Correct Answer: e. Huntington’s disease.
Explanation:
Huntington’s disease is autosomal dominant. The others (e.g., PKU, cystic fibrosis, Tay-Sachs, sickle cell anemia) follow recessive inheritance.
What is the purpose of the Ames assay?
a. to determine the threshold of UV light bacteria can receive before having mutations in
their DNA.
b. to measure the frequency of aneuploidy in bacterial colonies treated with various
chemicals.
c. to determine the frequency of a reversion mutation that allows bacterial colonies to
grow in the absence of vital nutrients.
d. to measure the rate of induced recombination in mutagen-treated fungi.

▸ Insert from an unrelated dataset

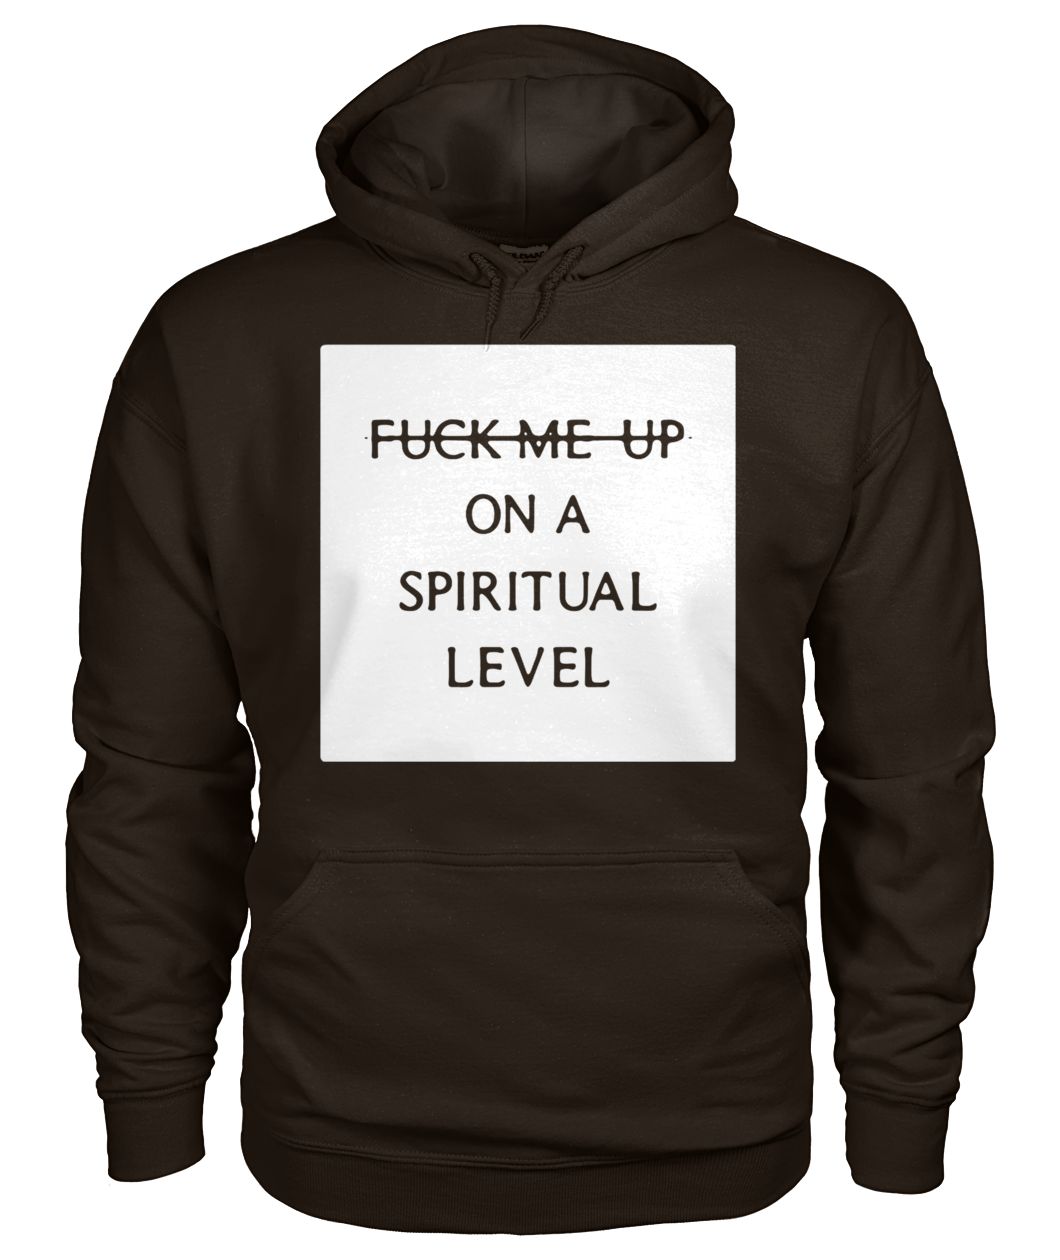 Fuck me up on a spiritual level gildan hoodie

e. to measure induction of phenotypic changes in Drosophila
Correct Answer: c. to determine the frequency of a reversion mutation that allows bacterial colonies to grow in the absence of vital nutrients.
Explanation:
The Ames assay uses bacteria with a mutation that prevents growth without histidine. Reversion (mutation repair) allows growth, indicating mutagenic potential of a chemical.

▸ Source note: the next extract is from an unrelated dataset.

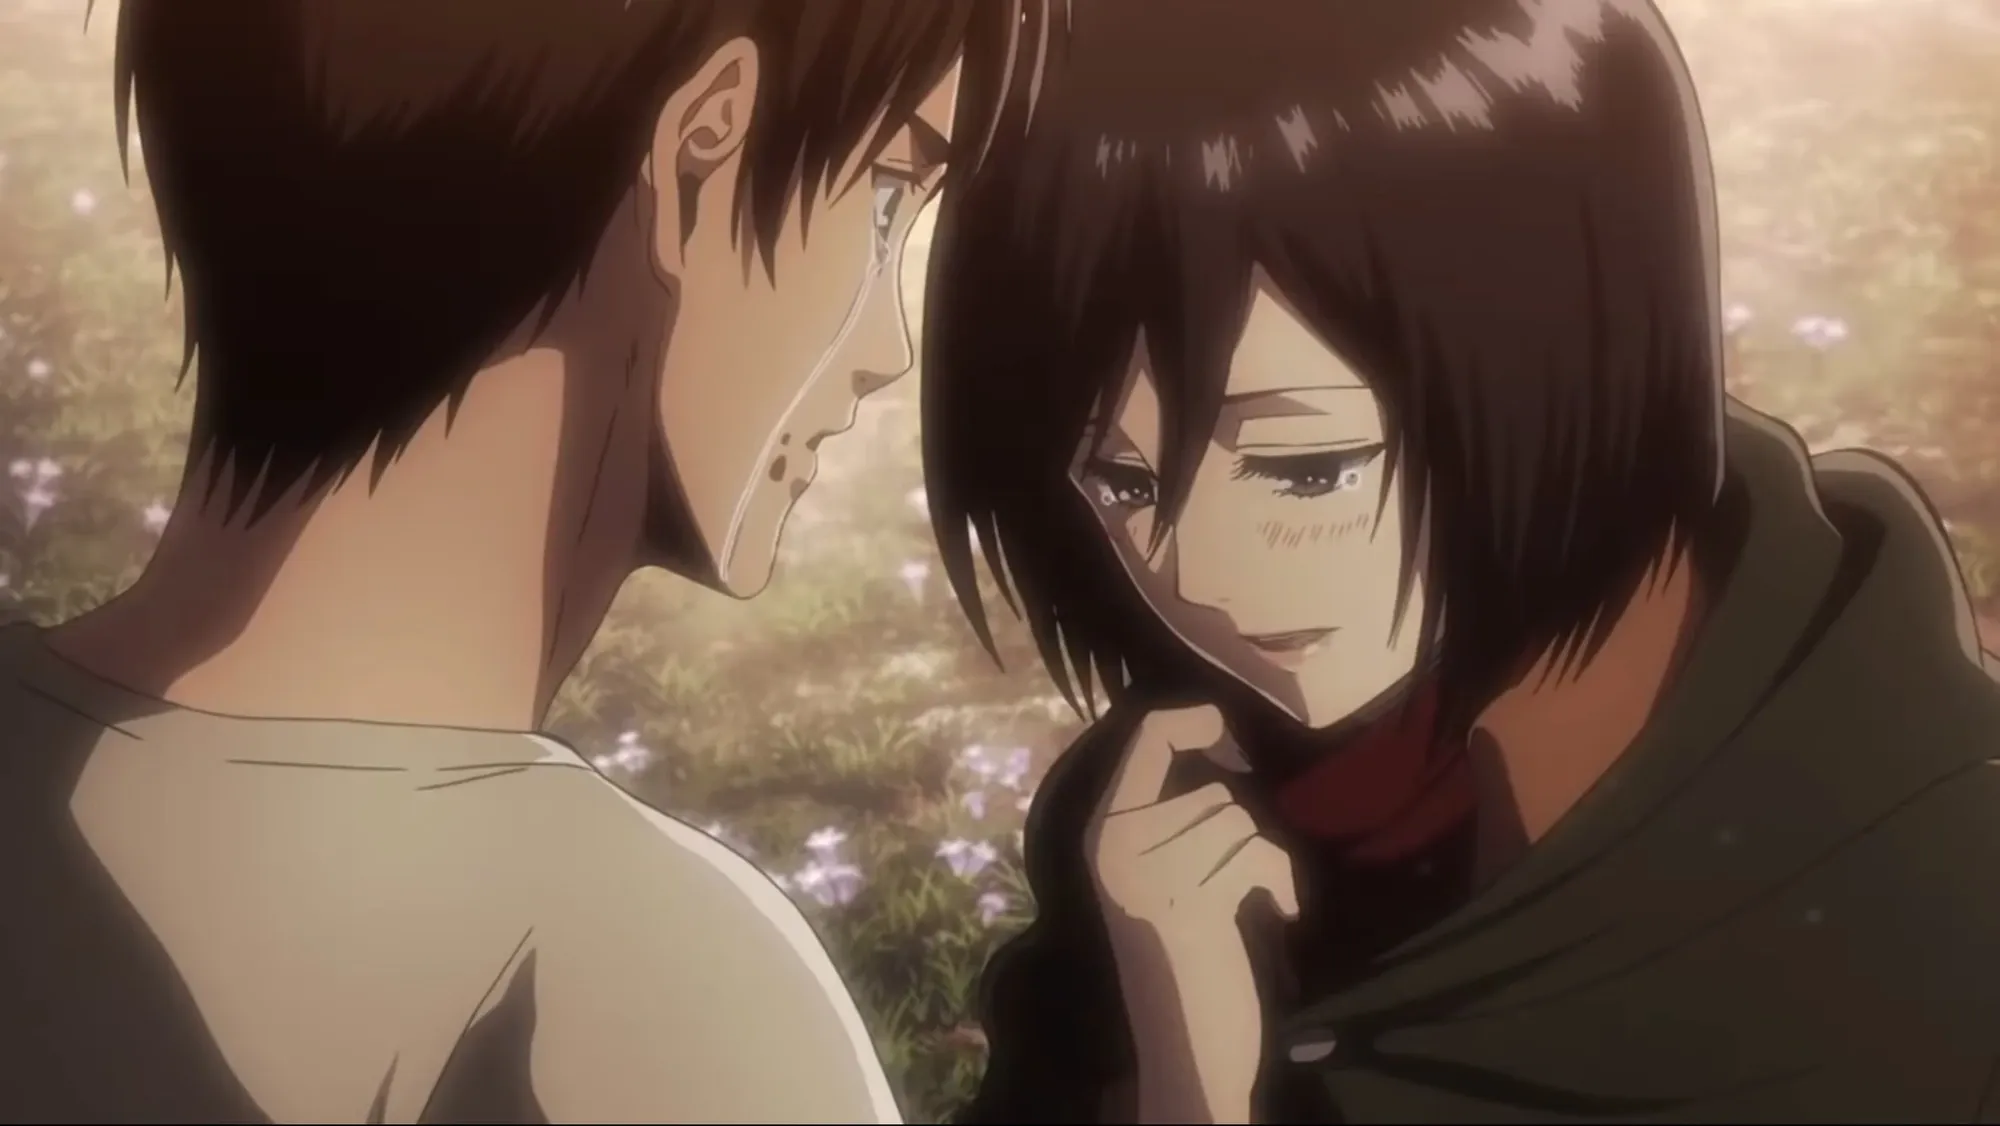 Ataque ao Titan: Qual é o problema com o relacionamento de Eren & Mikasa?

In mammalian cytogenic assays, chromosomal aberrations are measured after treatment of
the cells at which sensitive phase of the cell cycle?
a. interphase.
b. M phase.
c. S phase.
d. G1.
e. G2
Correct Answer: c. S phase.
Explanation:
DNA replication occurs during S phase. Damage during this time can lead to chromosomal aberrations.
Which of the following molecules is used to gauge the amount of a specific gene being
transcribed to mRNA?
a. protein.
b. mRNA.
c. DNA.
d. cDNA.
e. CGH.
Correct Answer:
d. cDNA
Explanation:
While mRNA is the molecule that directly reflects transcription activity, in practical lab applications (e.g., RT-PCR, microarrays), complementary DNA (cDNA) synthesized from mRNA is what is actually measured.
Here’s the breakdown:
mRNA (b) is indeed the direct product of transcription. However, it’s unstable and degrades quickly.
cDNA (d) is synthesized from mRNA using reverse transcriptase. It is stable and easily quantifiable, so it’s the molecule used in most gene expression assays.
DNA (c) reflects genomic content, not expression levels.
Protein (a) reflects translation, not transcription.
CGH (e) is used for detecting copy number variations in DNA, not transcriptional activity.